Big Four vs Big Five: na Europa joga-se noutro campeonato

Nem sempre que se fala de futebol se está a falar de futebol.

Nos tempos de extrema complexidade em que vivemos, nem sempre é fácil perceber as relações que, submersas, fazem mover indústrias, regiões ou países. A camada superficial, muito mais mediatizada do que o que a suporta, faz com que a grande maioria das pessoas se relacione apenas com o resultado final de uma série de processos. O produto já feito, a ‘rede social’, a medida política ou a bola a rolar nos campos de futebolrelvados são as imagens que predominam na mente da maioria das pessoas e que assim povoam qualquer conversa que se tente ter sobre estes tópicos.

Por muito que se tente aumentar a profundidade do debate, a ideia que se forma a partir da pouca informação que emerge torna-se forte, e numa espécie de ideologia que se configura como um obstáculo a análises críticas ou racionais – no universo da economia, J. K Galbraith enunciava ao escrever que “entre a possibilidade de mudar de ideias ou o de provar de que não há necessidade de as mudar, quase toda a gente se esforça pela prova” (tradução livre).
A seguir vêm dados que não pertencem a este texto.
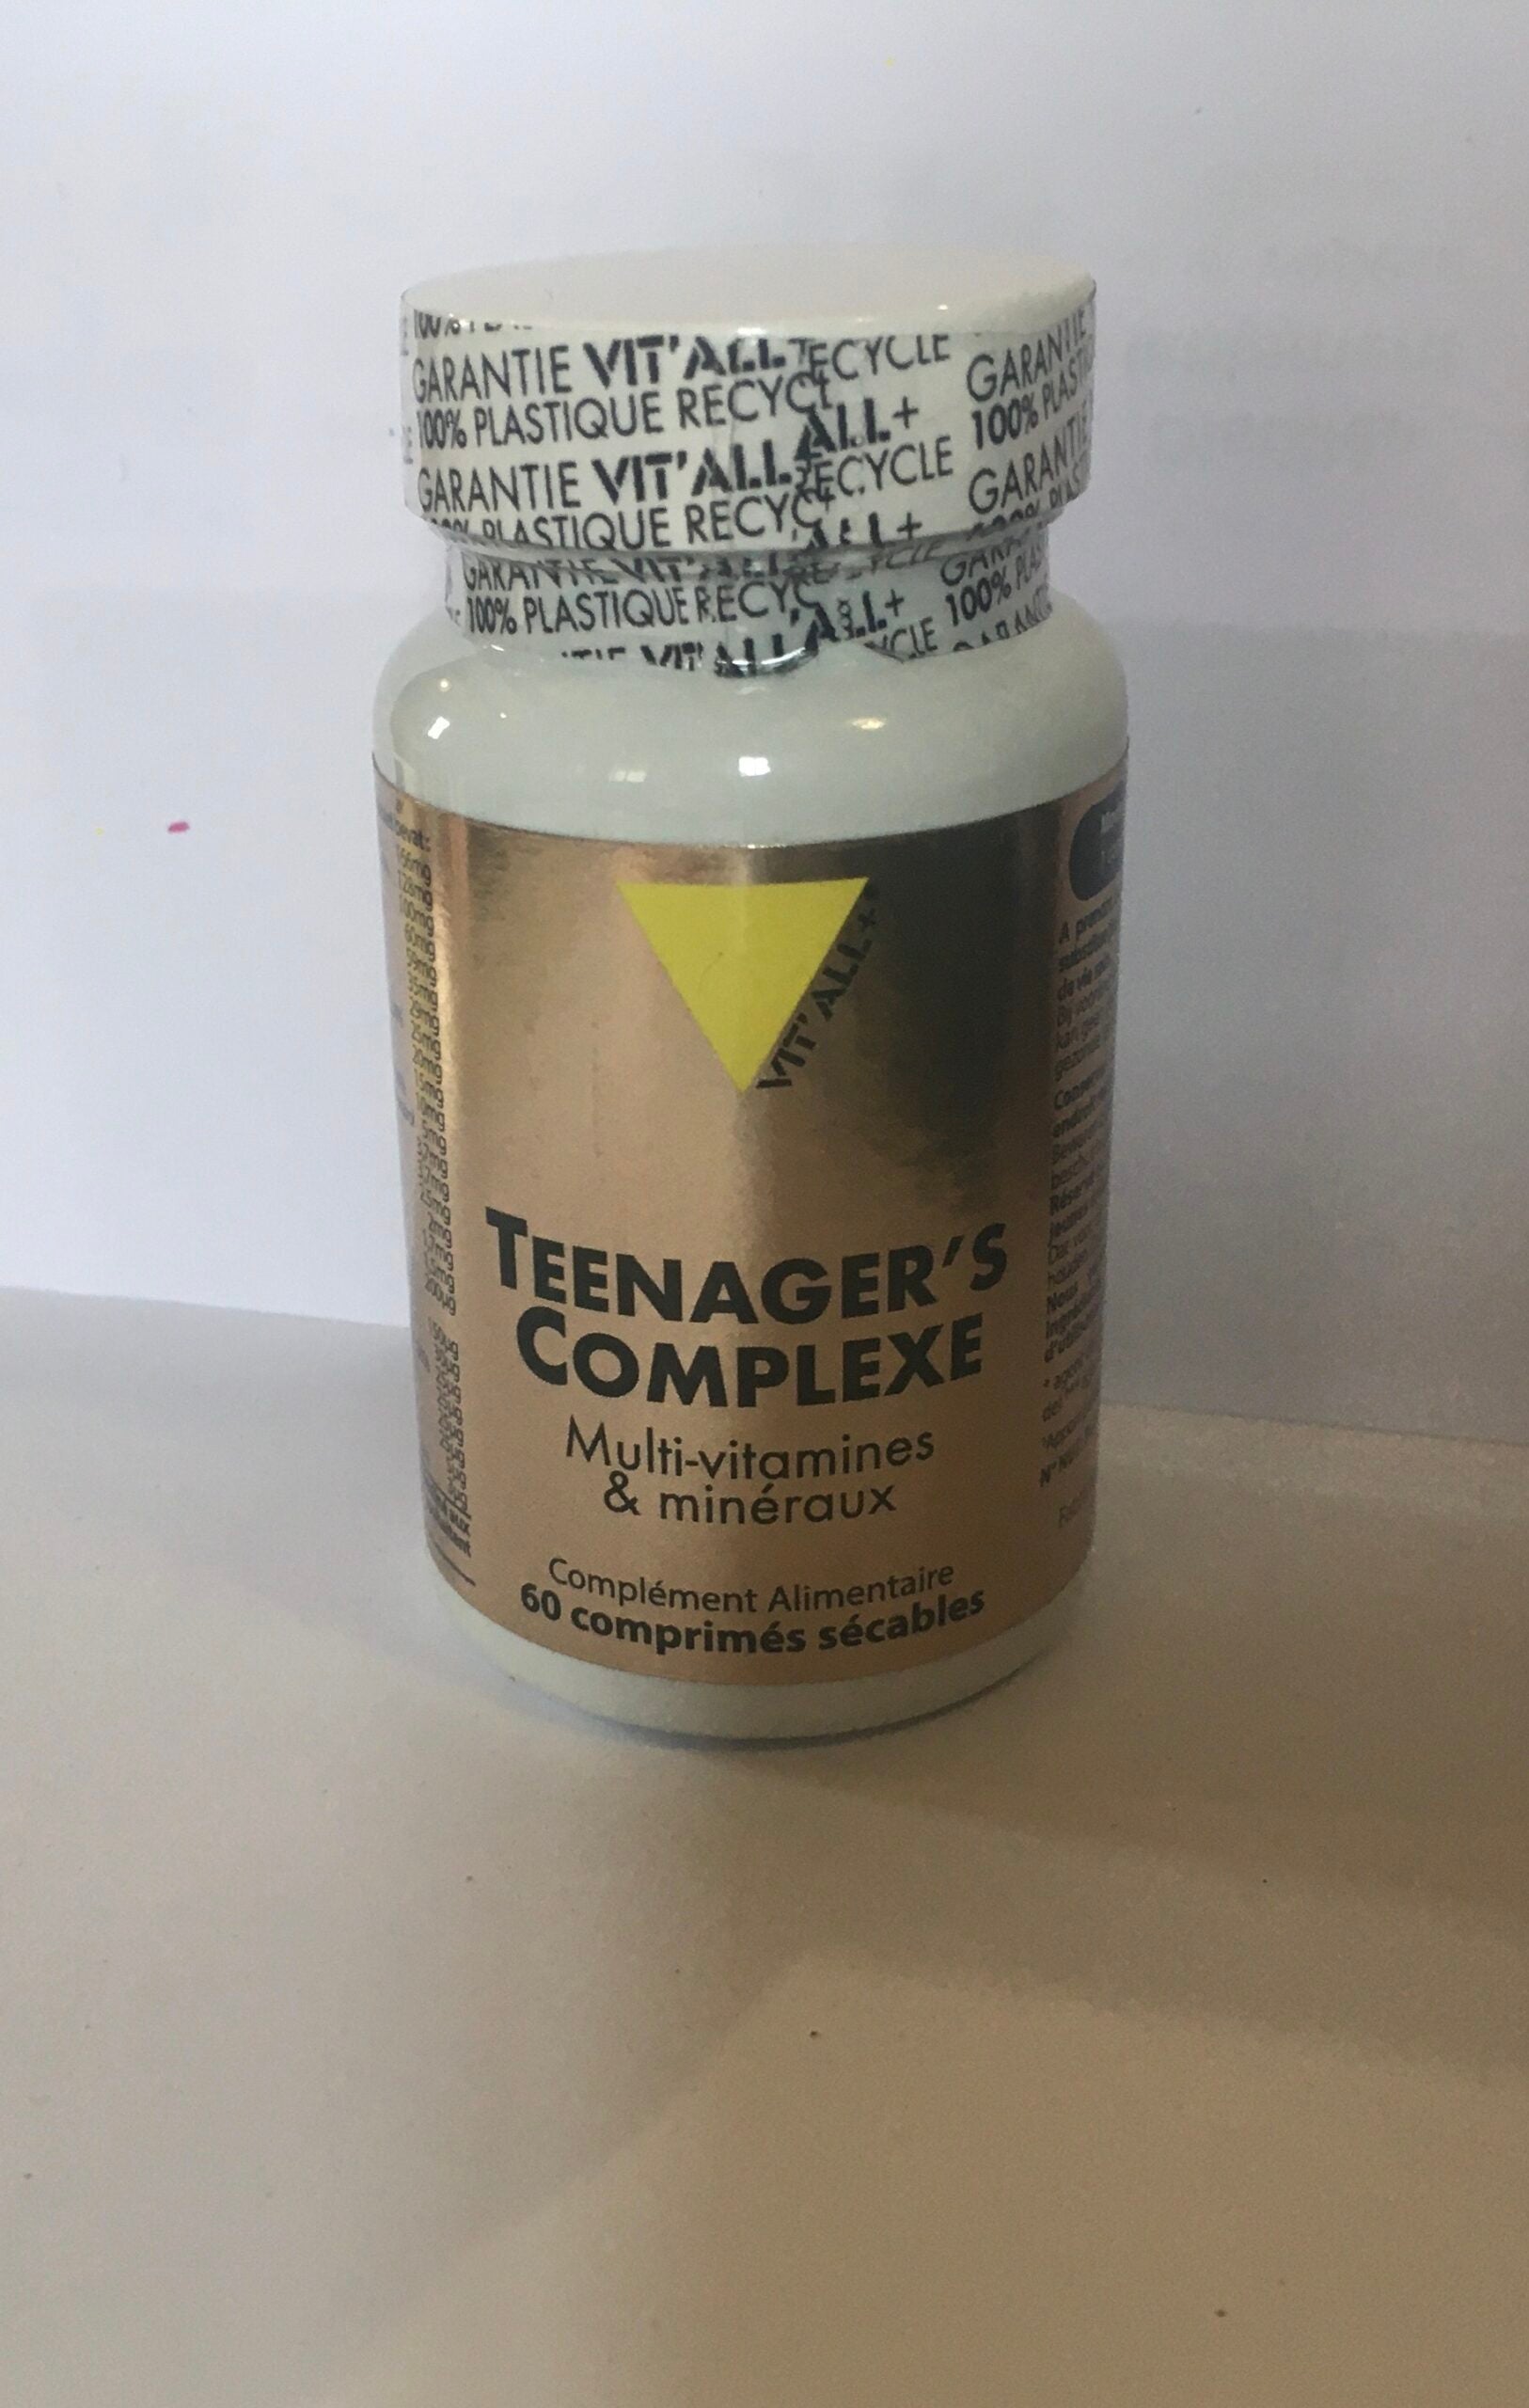 Teenager’s Complexe

Em síntese, na incapacidade de prever com exactidão o resultado da soma nos novos factos, a tendência geral é a de os ignorar, permanecendo agarrado à ideia geral predominante. Este é um mecanismo de defesa que nos permite lidar com novas informações sem questionarmos permanentemente a base daquilo por que vivemos, mas que se torna uma ferramenta de auto-sabotagem do progresso crítico. De uma forma abusivamente simplista, poderíamos traduzir esta ideia na expressão popular “deixar andar”; num ensaio da aplicação da ideia aos nossos dias, basta olharmos à nossa volta e para as dezenas de temas dos quais propositadamente ignoramos a complexidade.

Quantos de nós alteraram a forma de utilizar redes sociais como o Facebook, mesmo depois de rebentarem escândalos como o da Cambridge Analytica e vir a público o tratamento abusivo dos dados levado a cabo por estas empresas? Quantos de nós passámos a ter atenção com o que, por exemplo, os nossos avós lá viam? Ou, noutro caso, qual é a ideia do que podemos fazer de concreto em reação a flagelos como o desmatamento da Amazónia? As respostas serão todas diferentes mas terão uma coisa em comum: serão condicionantes pelo ponto de partida de quem responder.
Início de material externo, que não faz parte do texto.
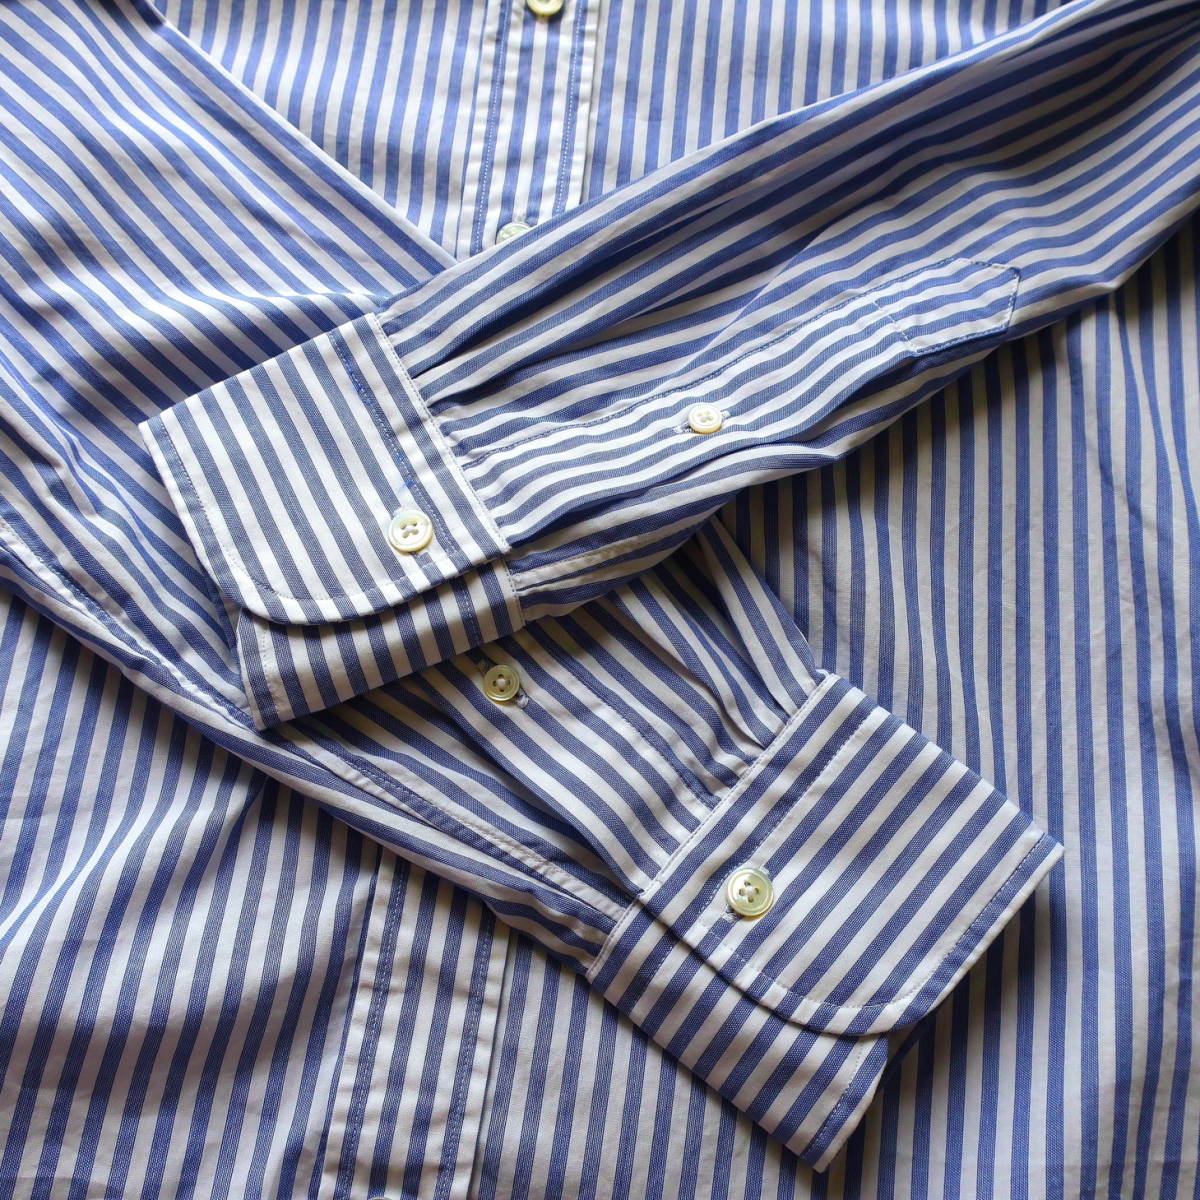 試着のみ BAGUTTA バグッタ メンズ ドレスシャツ ストライプ ワイドカラー 長袖 ボタン ワイシャツ シャツ 青 白 40 Mサイズ Lサイズ

Um especialista em ciber-segurança, um marketeer, um vegan e um minimalista poderão ter todos formas distintas de abordar problemas como os descritos e propor leituras específicas e bem articuladas dos fenómenos; contudo, nas margens deste conhecimento especializado e na falta de um sistema de intermediação do conhecimento que seja perfeito, o senso comum estabelece-se apenas sobre uma ínfima parte do fenómeno.
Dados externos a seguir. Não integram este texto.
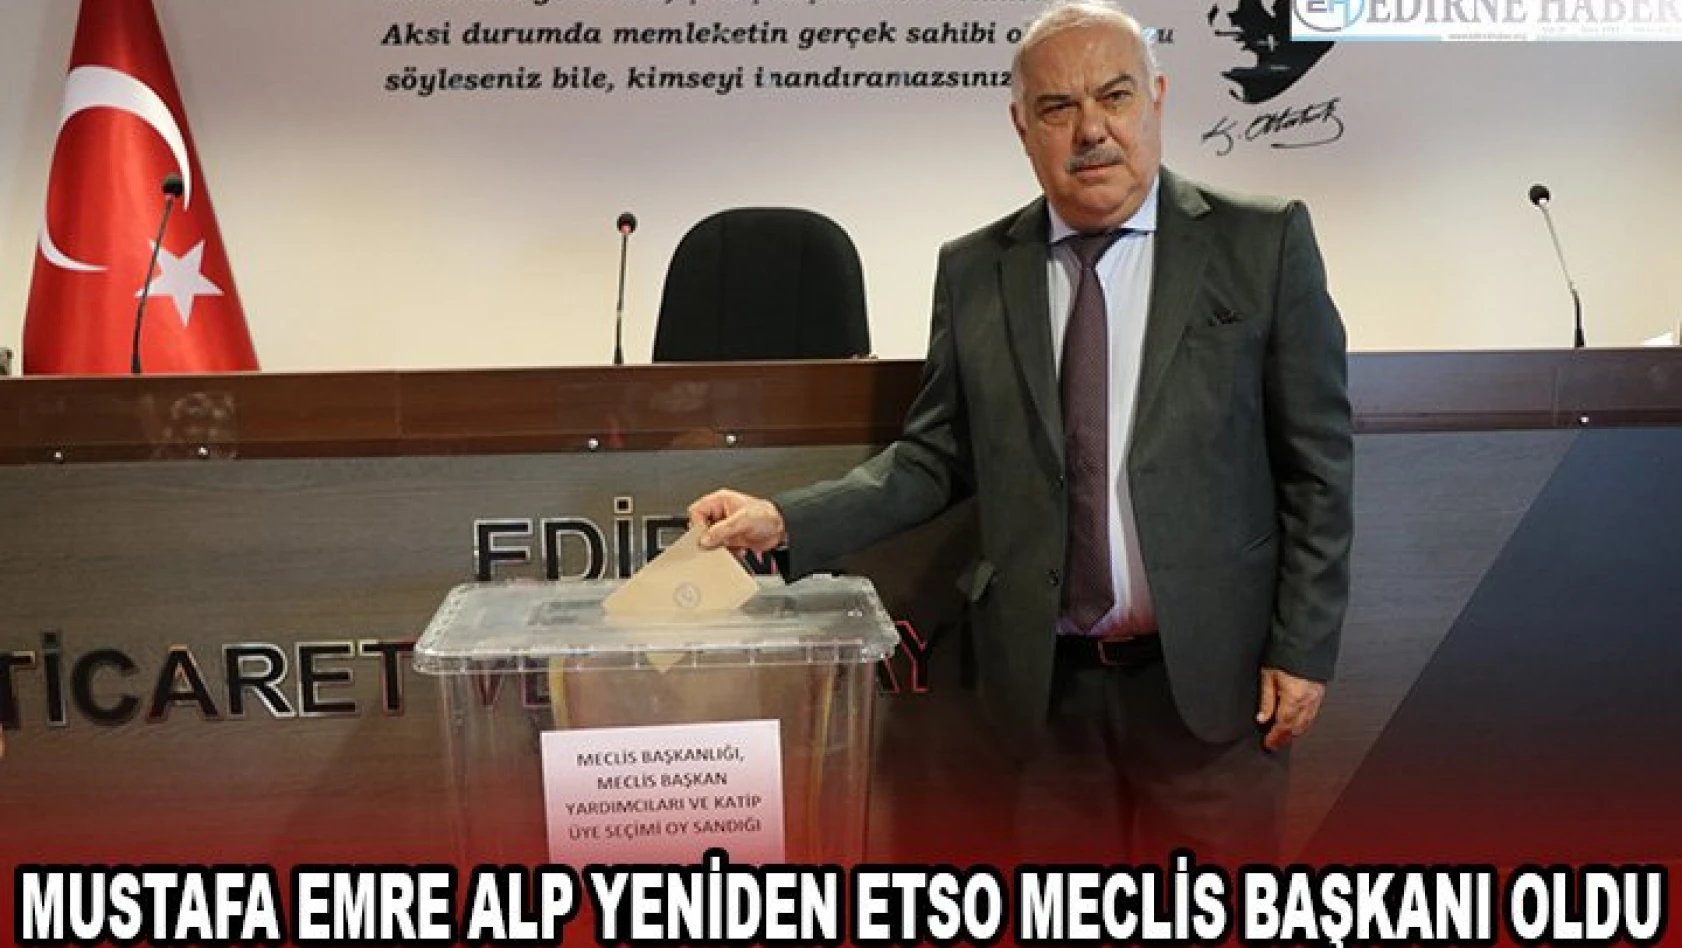 Mustafa Emre Alp yeniden ETSO Meclis Başkanı oldu

Outros exemplos são observáveis no dia-a-dia. Nos telejornais, as temperaturas acima dos 30ºC em Setembro são “boas” porque permitem a “quem ainda está de férias aproveitar mais uns dias de praia”; na realidade, as consequências das temperaturas elevadas far-se-ão sentir em dezenas de outros sectores que, convenhamos, numa boa maioria podem ser mais importantes do que os hábitos de praia de parte da população em férias.

A ideia subjacente ao aqui descrito é a de que o contexto de onde parte a maioria da população (o conjunto dos seus valores, desejos, necessidades, traços identitários, hábitos, o que seja) influencia e muito a forma como determinadas matérias são percebidas. O título é propositadamente ambíguo e nesse sentido provatório. O termo Big Four serviu em tempos para mencionar as quatro maiores consultoras do mundo, mas é facilmente interpretado por um internauta como uma referência às quatro maiores empresas tecnológicas dos Estados Unidos, também conhecidos por GAFA (Google, Amazon, Facebook Apple); já o termo Big Five dá nome a um modelo predicativo de personalidade ou, para quem acompanha o mercado de transferências do futebol europeu, simboliza as cinco principais ligas (Inglesa, Espanhola, Italiana, Francesa e Alemã).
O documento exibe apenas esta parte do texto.